Pocket LLM is a privacy-first local AI assistant that runs entirely on your device.
It enables on-device Local Language Model (LLM) inference using GGUF models with llama_cpp_dart, allowing you to chat with AI without sending your data to external servers.

Unlike most AI apps that rely on cloud APIs, Pocket LLM performs all inference locally on your phone or desktop.
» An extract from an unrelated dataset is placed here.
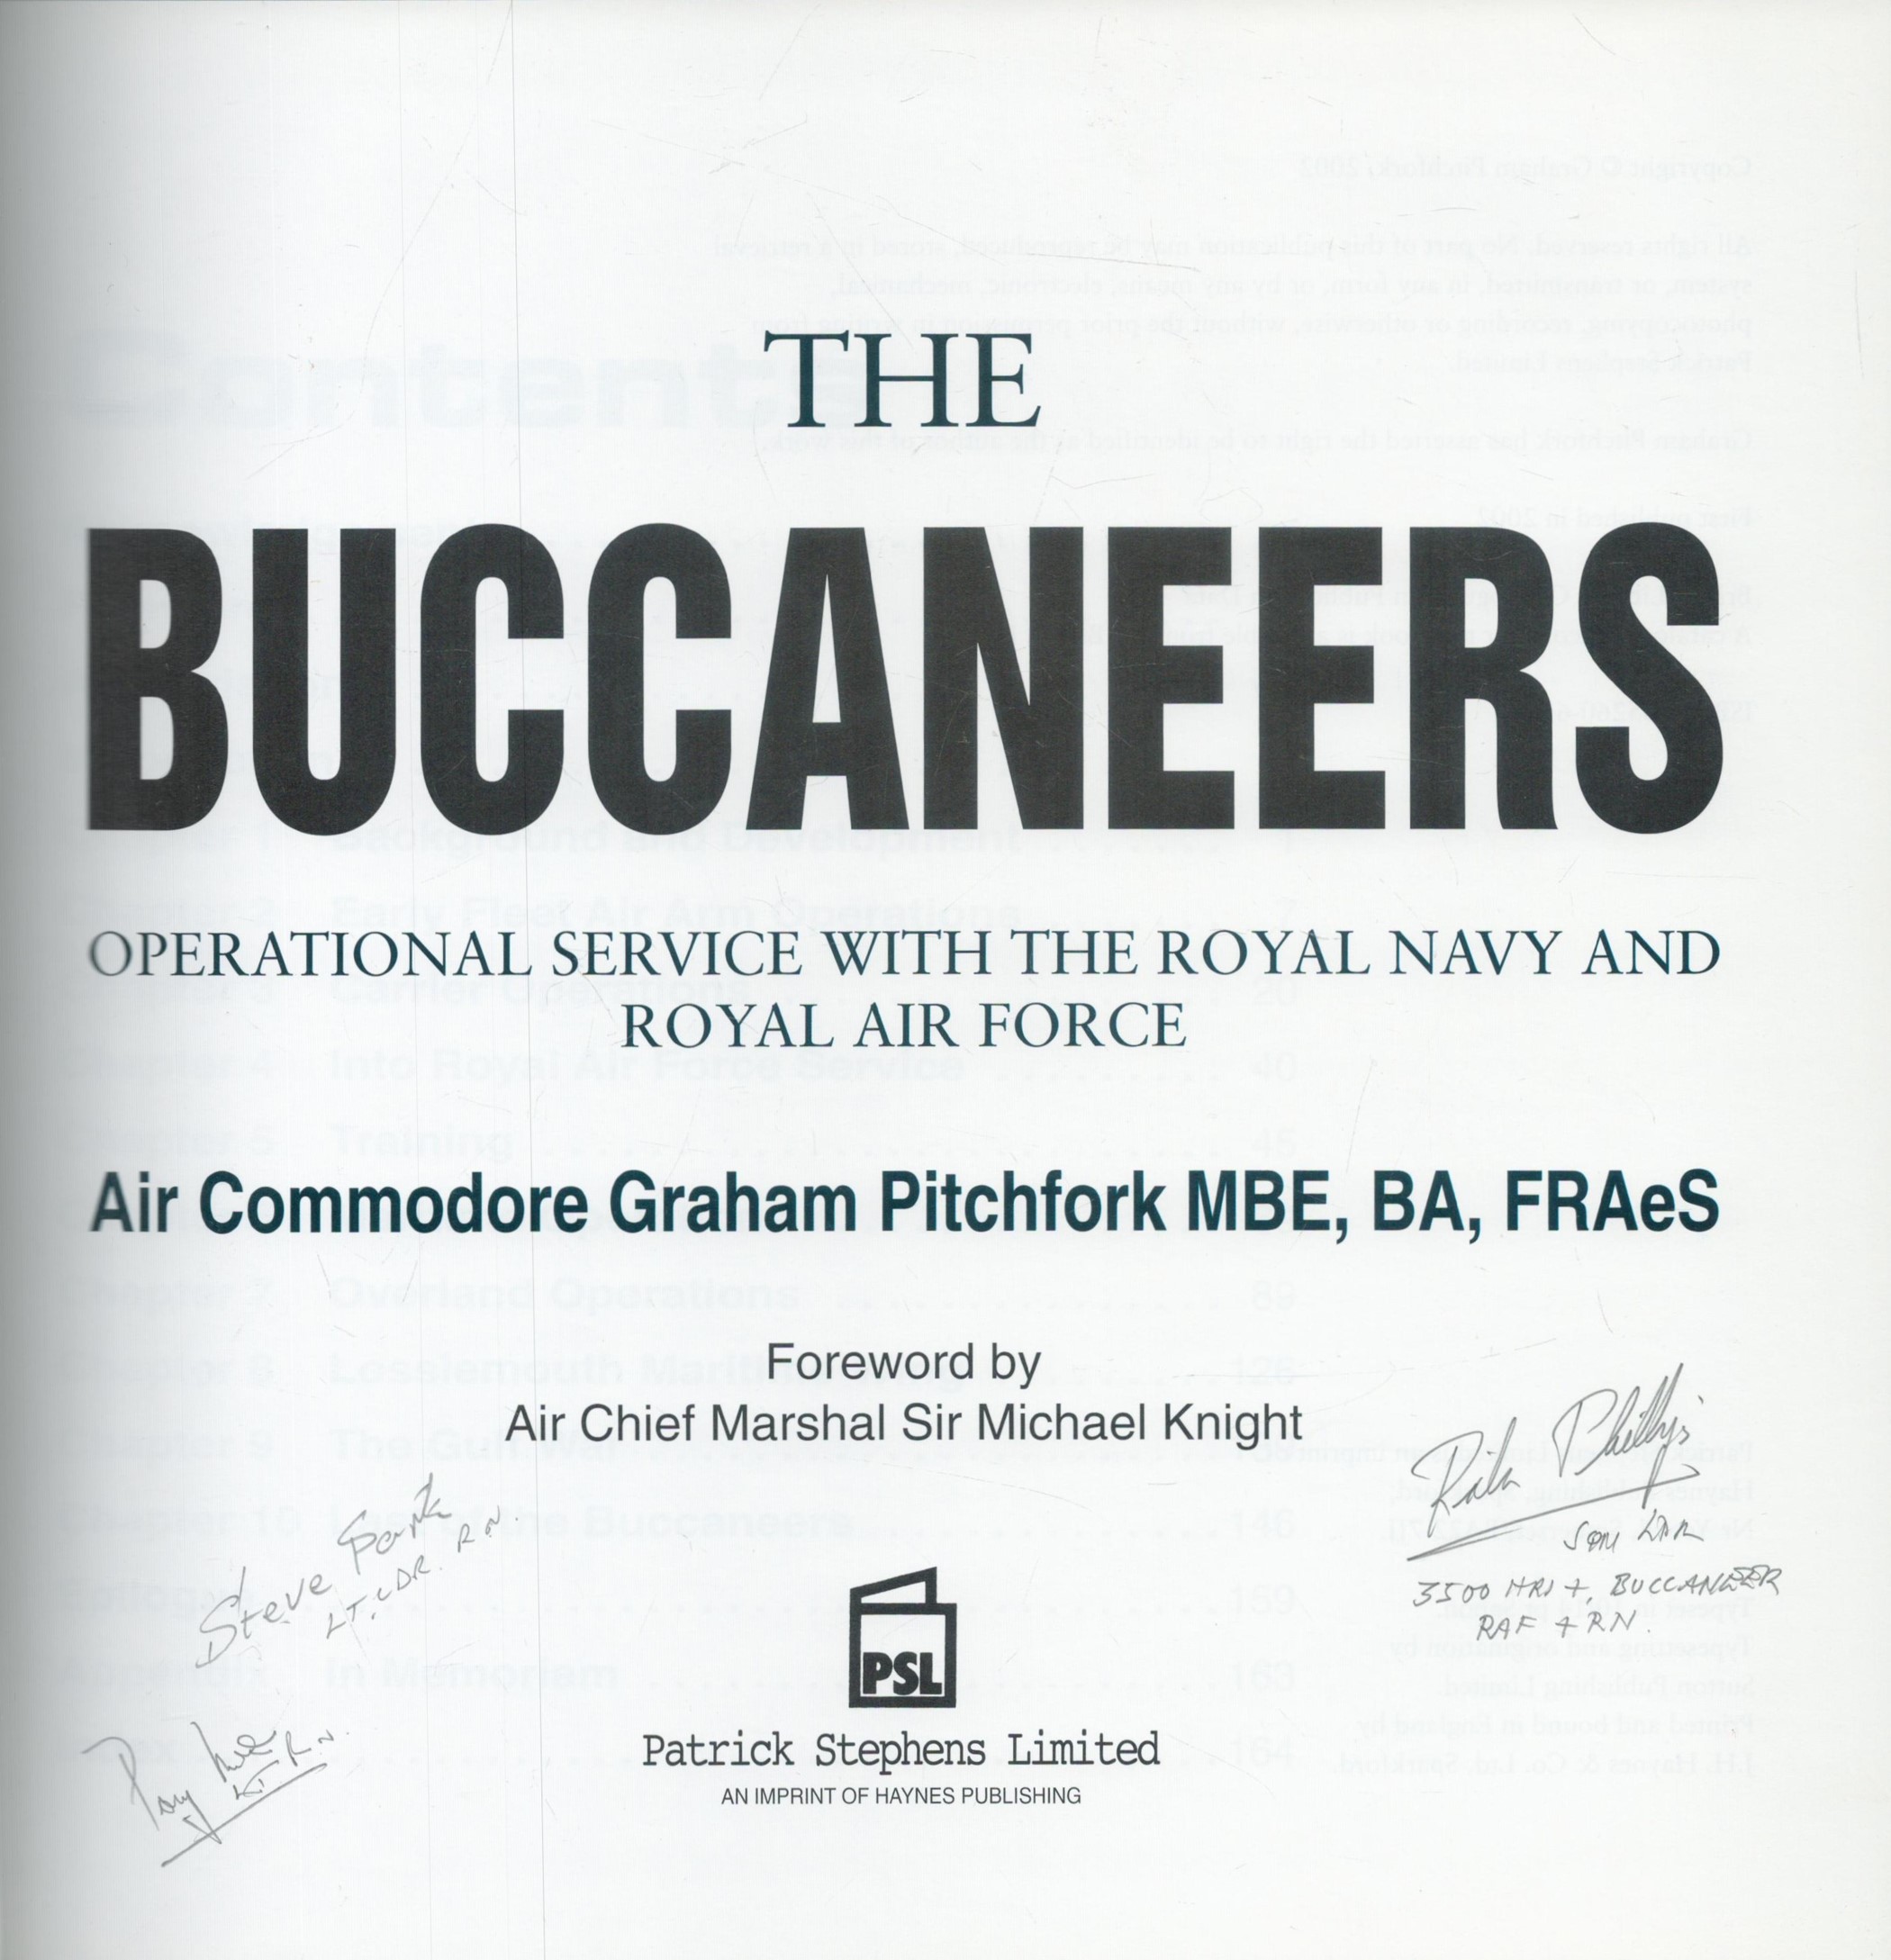 HMS Ark Royal Buccaneer Jet pilot Lt Cdr Steve Park RN, Sqn Ldr R Phillips signed hardback book - Image 3 of 4

Your prompts, conversations, and models remain fully under your control, making it suitable for users who value privacy, offline capability, and ownership of their data.

The app is designed as a mobile-first local AI runtime that now also supports desktop workflows, providing a smooth chat experience with model downloads, streaming responses, and per-model chat memory — all running directly on-device.

Because inference happens locally:

  • No prompts leave your device
  • No cloud processing is required
  • No usage tracking of your conversations
  • Works even without an internet connection (after models are downloaded)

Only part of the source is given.